Будто угадав его мысль, Максимов бодро говорит:
— «Юнкерсов» не будет, до ночи переправятся. А там и нам сам господь бог велел…
Лепешев смотрит на небо и только сейчас замечает, что солнце уже скатывается к горизонту, что воздух посвежел и на прогретую землю легли длинные тени. «Хорошо бы успели до темноты, а то — чем черт не шутит — вздумает немец предпринять ночную атаку — тогда мы слепые. В рукопашной нам не отбиться…» — тревожно соображает он. Одолеваемый новыми заботами, Лепешев тушит сигару.
Рано радовался Лепешев. Помрачнел лейтенант после обхода позиции. Из двадцати шести человек пополнения шесть были убиты и девять ранены. Потери среди пулеметчиков особенно огорчили. Семь раненых и четверо убитых. Один расчет разнесло прямым попаданием снаряда. Останки бойцов даже не стали откапывать из развороченного окопа. Нечего было откапывать.
Обходя траншеи, Лепешев останавливается у сгоревшего бронетранспортера, стараясь разглядеть, что осталось от отважного писаря, но ничего не обнаруживает. Разорвало тело бойца взрывами, а огонь довершил смертное дело.
Был человек, жил, чему-то радовался, чем-то огорчался, потом писал воинские бумаги и не гадал, не думал, что с доблестью уйдет из-под живого ясного неба, не оставив после себя ничего, кроме обгорелого железа и маленького клочка прокопченной, изрытой взрывами земли.
Другой писарь, лысоголовый полный мужчина, погиб, как погибают многие. Маленькое пулевое отверстие в виске — и нет человека. Но тело есть, и товарищи могут предать его земле с положенными воинскими почестями. А от этого ничего…
— Как его фамилия? — спрашивает Лепешев оставшегося в живых писаря.
— Петров. Петров Николай.
— А отчество?
— Хм… — Писарь озадаченно закатывает к розоватому небу маленькие зеленые глазки.
— Откуда он родом?
— Не знаю. Мы из разных отделов и мало говорили на эту тему. Кажется, он откуда-то с Волги…
— Эх вы, чернильные души! О товарище своем ничего не знаете! — сердится Лепешев.
Писарь, щуплый белобрысый человечек с острым носиком, виновато моргает куцыми белыми ресницами и жалко улыбается.
Лепешев жалеет о своей несдержанности. Напрасно сердился. Напрасно вспугнул в человеке, выдержавшем первый бой и вышедшем из него живым, торжественную радость победителя.
— Ладно. Бывает, — примирительно говорит лейтенант. — Всех не упомнишь, но стараться помнить надо.
— Буду помнить, товарищ лейтенант! — обрадованно вытягивается писарек.

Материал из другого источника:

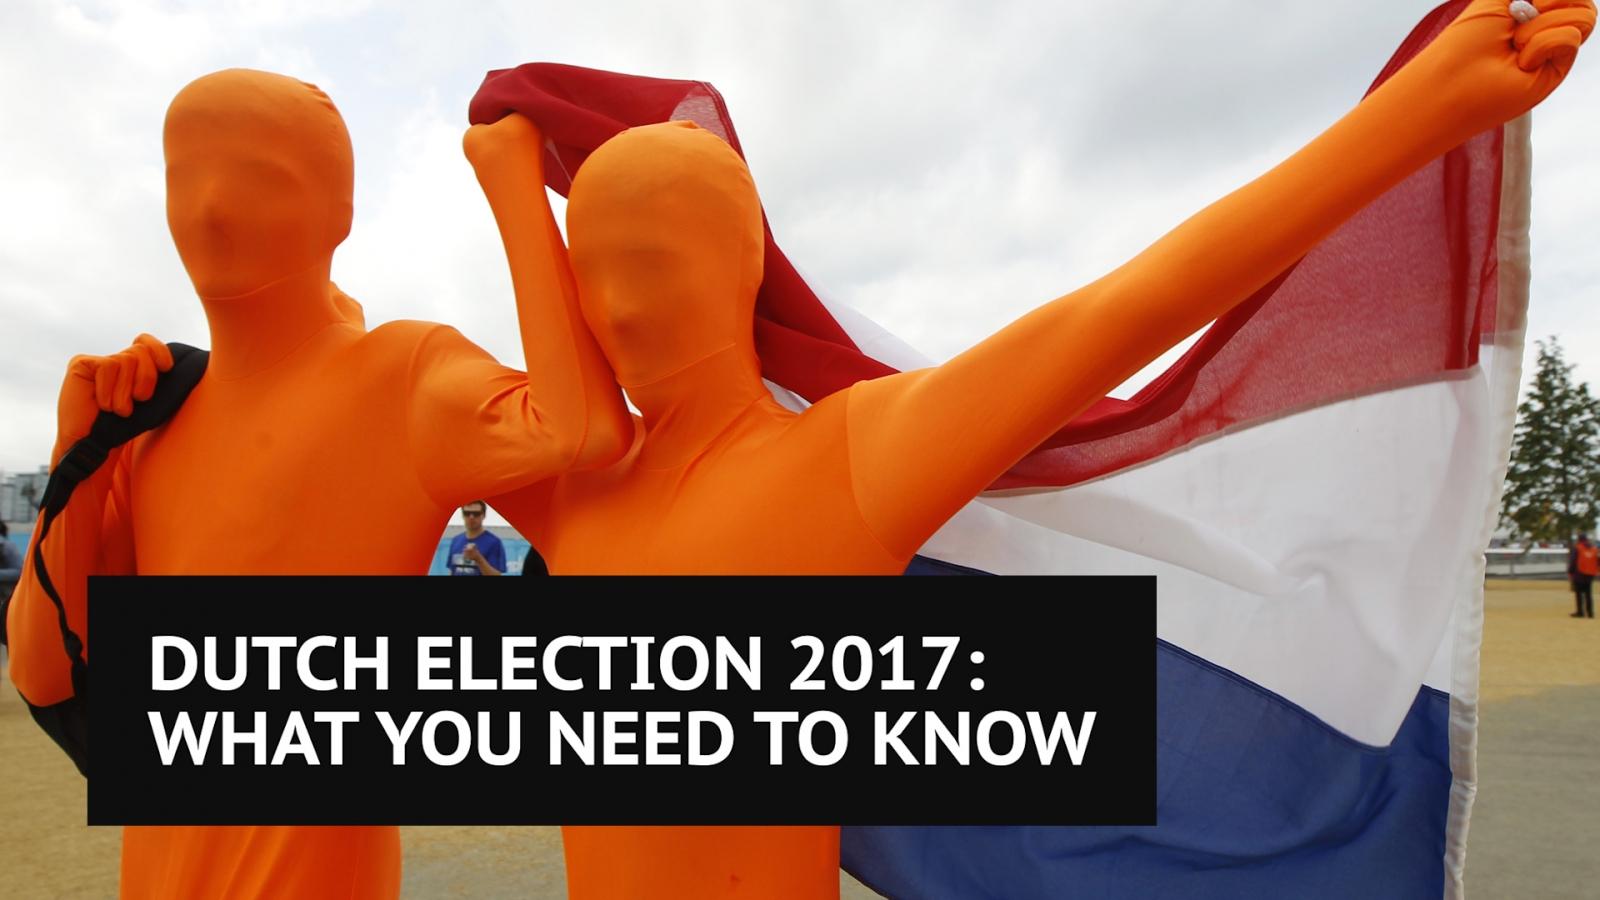 Dutch election 2017

Потом Лепешев долго стоит над телами погибших, сложенными в ряд за задней стеной конюшни. Многих из них лейтенант видел раз в жизни, да и то мельком, когда принимал пополнение. Кто они, что они — Лепешев не знает. Не знает лейтенант и того, как и в какую минуту они погибли. Он знает одно — они были стойкими воинами, и это главное. Может быть, через много лет после войны, разыскав нужную нить в воинских документах, явится к отставному полковнику Лепешеву жена или мать погибшего здесь бойца, явится и потребует: расскажите о последнем часе моего мужа или сына! И Лепешев, порывшись в отягченной боевыми событиями памяти, скажет: «Да. Помню. Он был стойким солдатом. Пусть знают об этом его дети, если они есть».
А вот двоих из лежащих Лепешев знает хорошо. Это его пулеметчики. С ними он отмерил немало километров военных дорог. Вот они, лежат рядом. Первый номер Скулацкий, и второй — Витя Сластунов. Лежат, иссеченные осколками вражьих мин. Лепешев прикрывает глаза, и они встают перед ним живыми: неунывающий балагур Скулацкий и застенчивый Витя.
Скулацкий, бывший крановщик ленинградского торгового порта, любил позубоскалить, посмеяться. Он всегда, в любой обстановке был таким, этот ленинградский нескладный парень. Длинный, сухопарый, с торчащими ежиком смоляными волосами, с оттопыренными большими ушами (врал: «Это от мичманки. Во время штормяги натянешь на уши…»). Много побасенок знал Скулацкий, но чаще всего любил рассказывать о своей красавице жене, которую он якобы отбил у какого-то флотского комиссара, много раз делавшего ей предложение.
Витя — туляк, единственный сын вдовца-железнодорожника. Он обожал стихи, сам пробовал писать, рассказывал об отце с такой восторженностью и обожанием, что можно было подумать, будто его родитель не обыкновенный паровозный машинист, а бог весть кто.
Бывало, на привалах, устав балагурить, Скулацкий ложился к костру и приказывал своему второму номеру!